Le refus de ratification

Le refus de ratification


Alors que les cinq partenaires de la France s'engagent sur la voie de la ratification parlementaire, une intense querelle idéologique divise la plupart des partis politiques français. À un point tel que l'Italie décide d'attendre le résultat du vote des députés français avant d'arrêter sa propre décision.


Le Mouvement républicain populaire (MRP), conduit par Robert Schuman, se bat en faveur de la ratification du traité instituant la Communauté européenne de défense (CED) qui lui apparaît comme l'étape décisive vers l'unité fédérale de l'Europe et comme le meilleur moyen d'empêcher la renaissance d'un nationalisme allemand. Les partisans du projet de CED y voient aussi un moyen efficace de sortir les pays européens d'une situation assez humiliante d'alliés protégés et assistés faisant l'objet d'une compétition entre l'Est et l'Ouest.

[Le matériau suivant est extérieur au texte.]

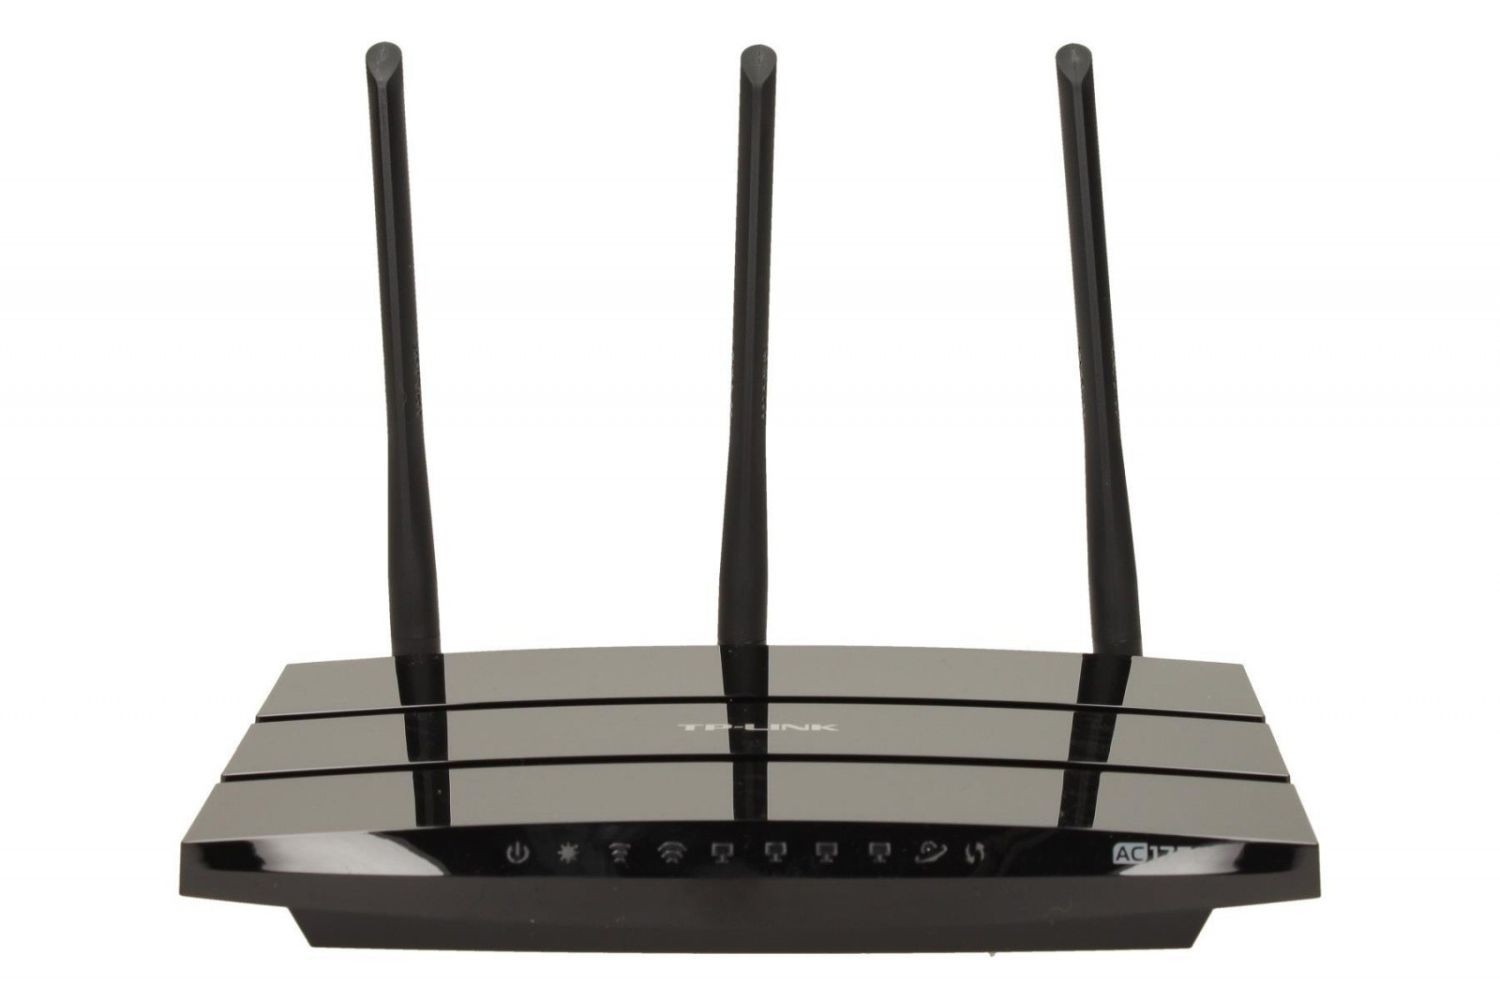 TP-Link Archer C7 router AC1750 DualBand 1WAN 4LAN-1GB 1USB

À l'inverse, le Parti communiste français (PCF) et le Rassemblement du peuple français (RPF), créé par le général de Gaulle, unissent leurs efforts pour combattre le projet qui entraînerait à leurs yeux un abandon de souveraineté nationale inacceptable et laisserait, une nouvelle fois, les Anglais en dehors d'un projet européen hautement stratégique. À l'époque, le souvenir de l'Occupation nazie est encore très fort et le réarmement de l'Allemagne apparaît à beaucoup comme un sacrilège. Enfin, les parlementaires radicaux, socialistes et indépendants sont très divisés.


La conjoncture internationale ne joue pas davantage en faveur de la CED. En effet, alors que la guerre d'Indochine inflige à la France de graves revers militaires, la droite nationaliste redoute un nouvel affaiblissement de l'armée française. La mort de Staline, en mars 1953, et la signature de l'armistice de la guerre de Corée, quatre mois plus tard, semblent augurer une période de dégel qui ôte à la CED son caractère d'urgence. Enfin, les très fortes pressions américaines en faveur de la ratification finissent par crisper les députés français qui n'entendent pas se faire dicter leur choix.


Dans ces conditions, les présidents successifs du Conseil repoussent toujours à plus tard la ratification du traité de plus en plus ouvertement condamné par la classe politique nationale. Affaibli par les crises gouvernementales successives de la IVe République, le nouveau gouvernement Mendès France, lui-même constitué de «pro-» et d'«anticédistes», rencontre de grosses difficultés pour faire passer un projet aussi controversé. En dernière minute, Mendès France, personnellement très réservé, demande même, mais en vain, à ses partenaires européens de pouvoir modifier certains aspects relatifs à l'application du traité dans un sens toujours moins supranational. Faute d'avoir pu obtenir ces amendements, Mendès France refuse d'engager sa responsabilité politique et de poser la question de confiance de son gouvernement sur la ratification.


Alors que les partenaires de la France ont déjà ratifié le traité à l'exception de l'Italie qui s'apprête à le faire, les tiraillements et les débats passionnels trouvent finalement leur épilogue le 30 août 1954, lorsque l'Assemblée nationale française repousse la discussion du document diplomatique – qui doit autoriser le président de la République à ratifier le traité de la CED – par 319 voix contre 264. Par cet artifice de procédure, la France rejette donc le projet d'armée européenne dont elle avait pourtant été l'instigatrice. Pour les fédéralistes, le «crime du 30 août» met momentanément fin à la dynamique favorable de la construction européenne supranationale.


La consternation est générale en Europe occidentale et aux États-Unis. La déception est immense et appelle une réaction rapide. La France, qui s'était fait le champion de la cause européenne depuis plusieurs années, est sérieusement discréditée par cet abandon. La création de l'Union de l'Europe occidentale (UEO), le 23 octobre 1954, n'est qu’un faible substitut de la Communauté européenne de défense (CED).